▸ DATA FOR PROCESSING
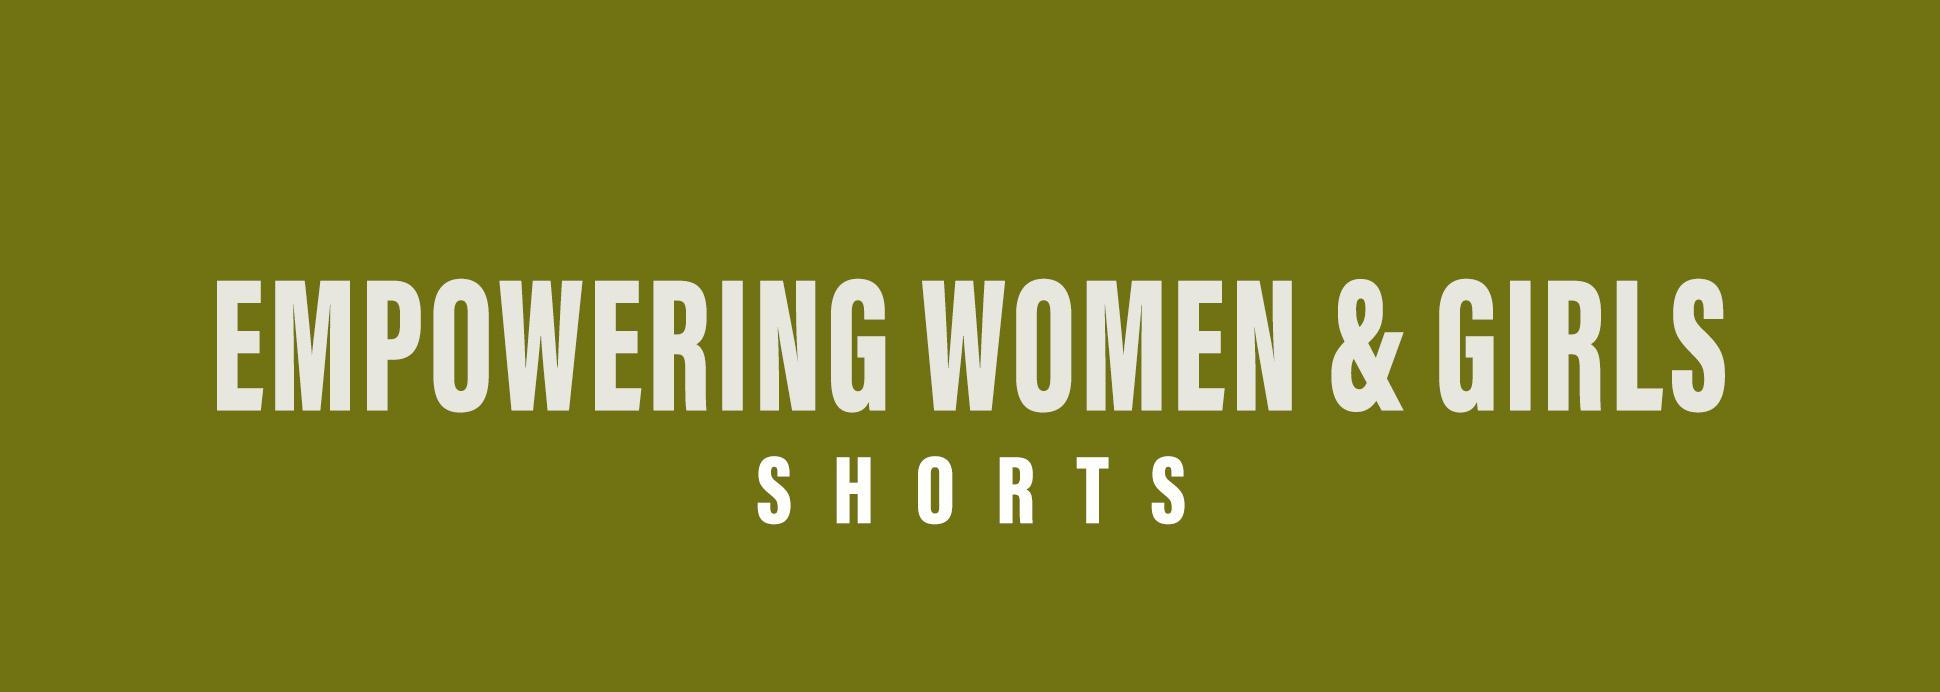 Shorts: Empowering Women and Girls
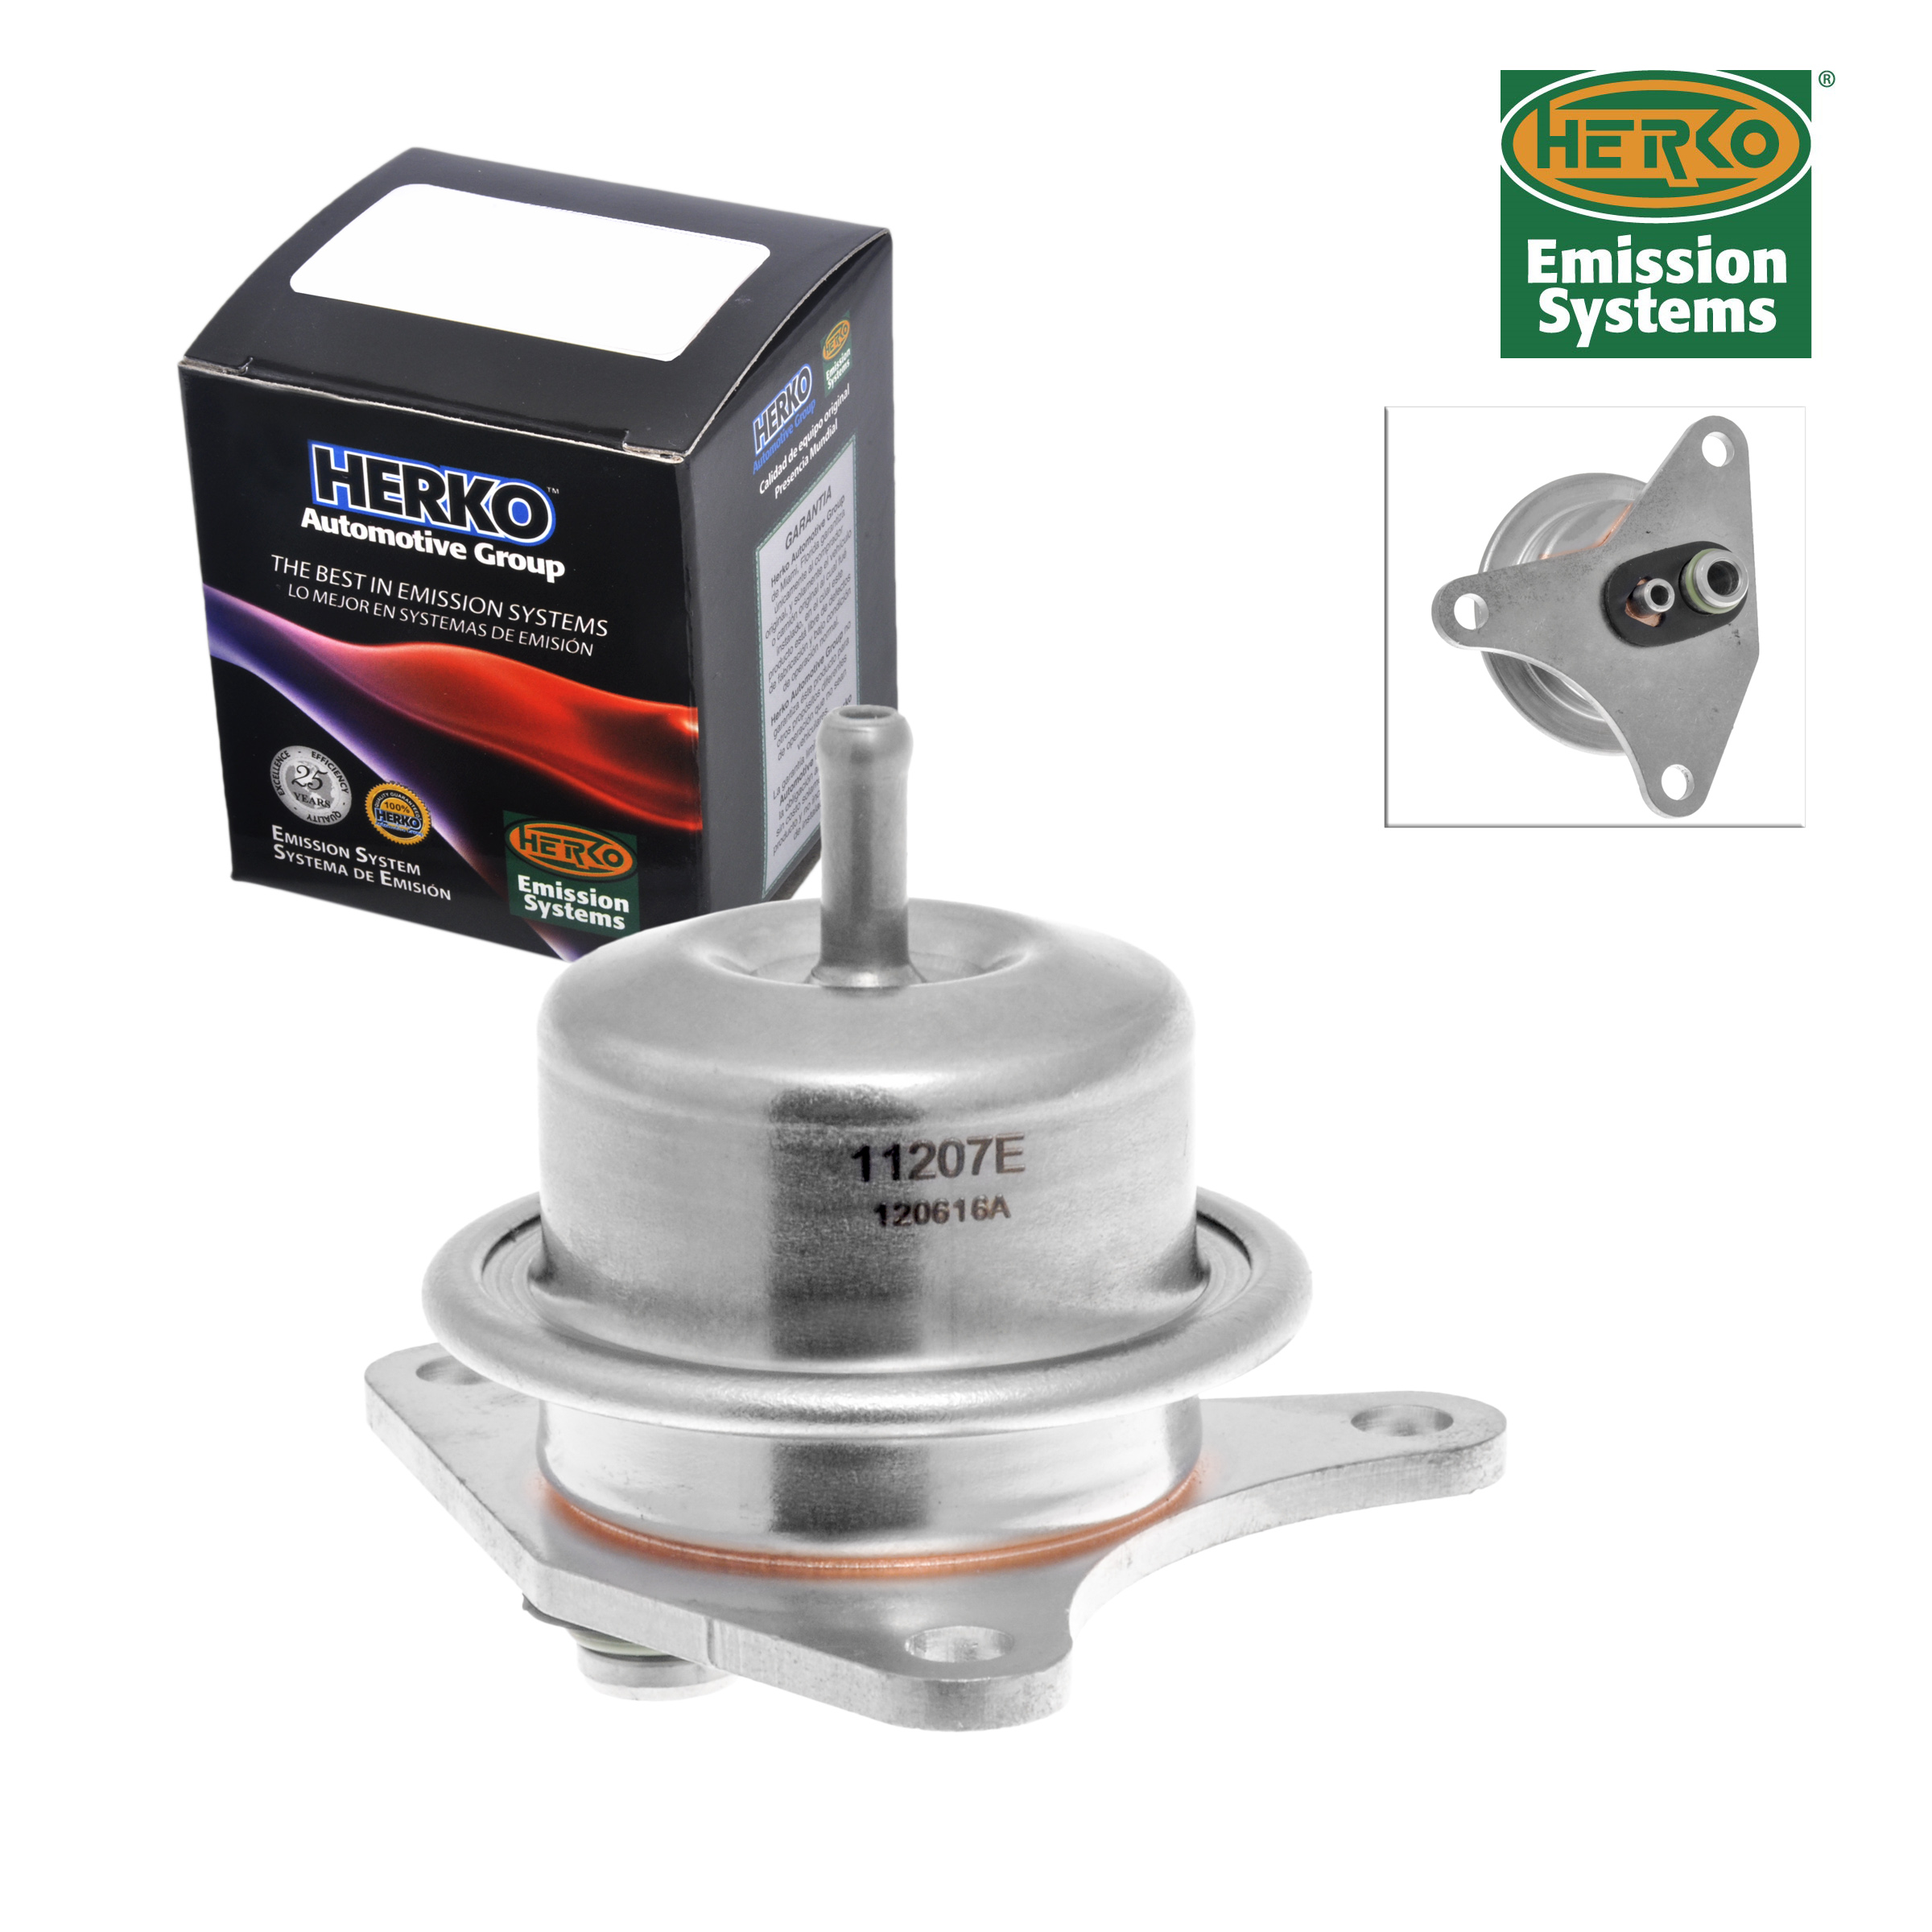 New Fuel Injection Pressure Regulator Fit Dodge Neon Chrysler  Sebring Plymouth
* * *
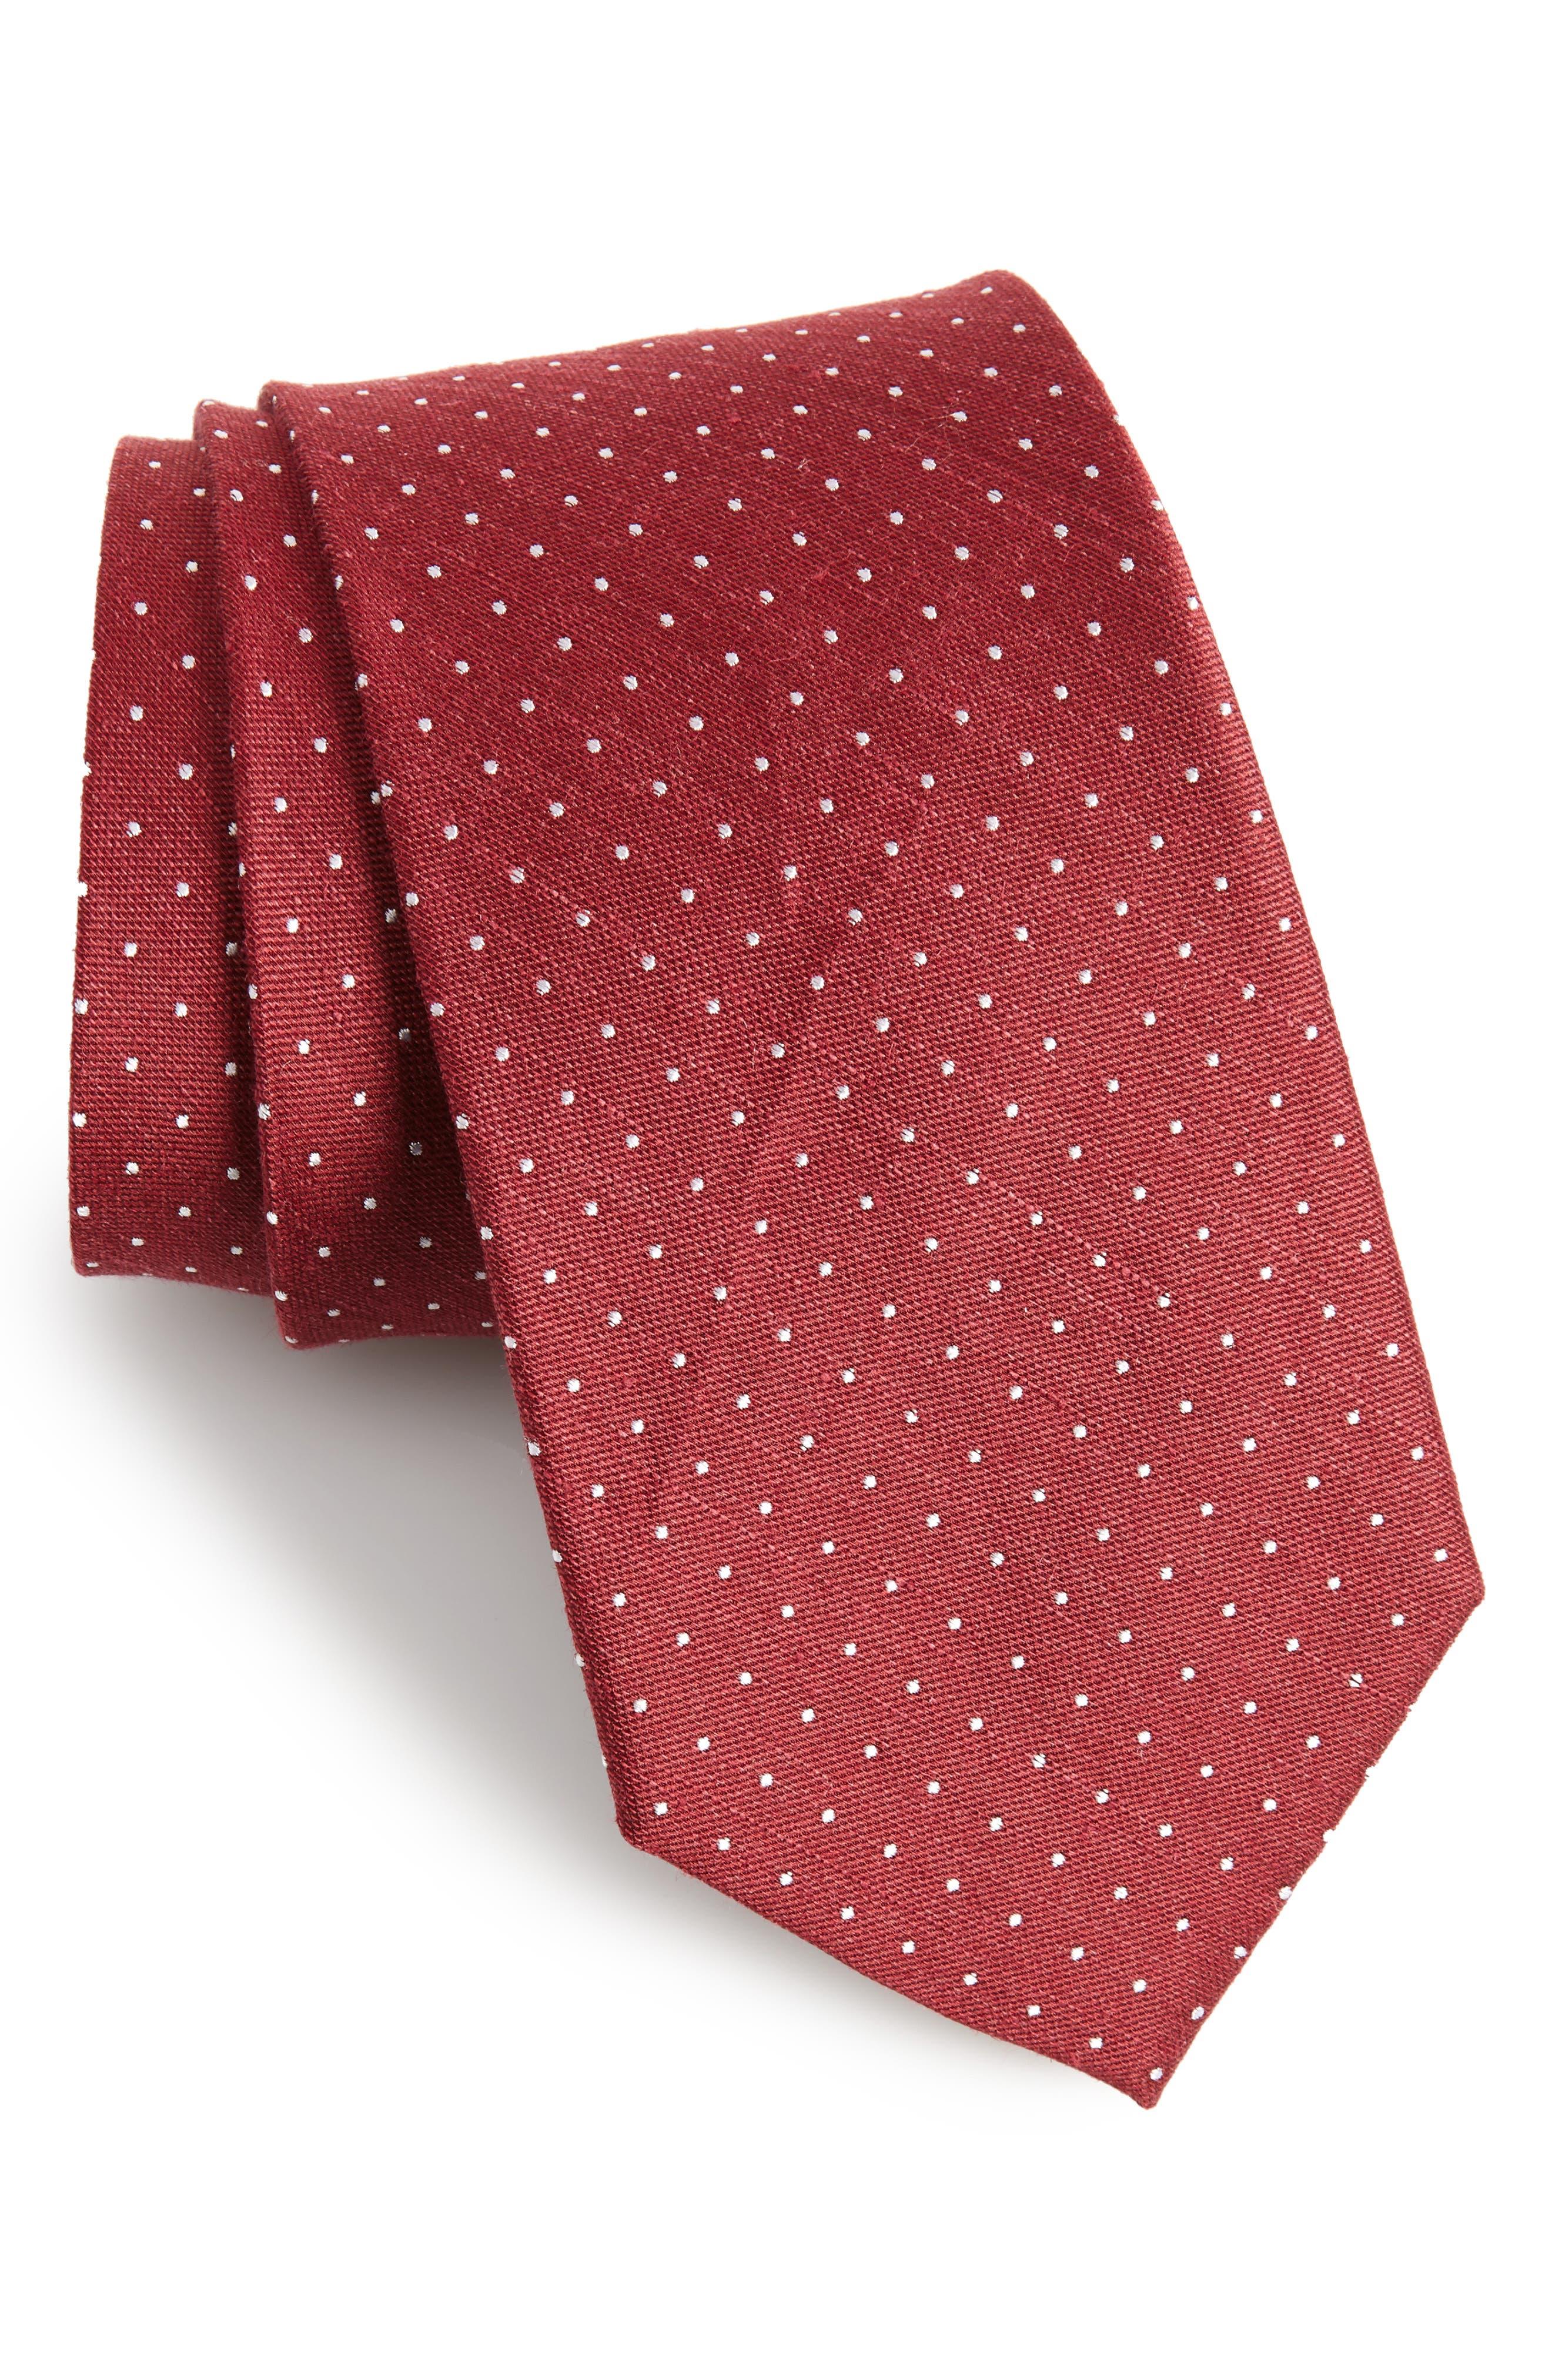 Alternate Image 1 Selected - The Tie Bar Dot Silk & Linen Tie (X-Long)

▸ TASK TO CARRY OUT
Using the entries above, transcribe exactly from the line that has "Shorts: Empowering Women and Girls" through the line that has "New Fuel Injection". Pictures are dropped.

▸ OUTPUT OF THE TASK
 Shorts: Empowering Women and Girls
 New Fuel Injection Pressure Regulator Fit Dodge Neon Chrysler  Sebring Plymouth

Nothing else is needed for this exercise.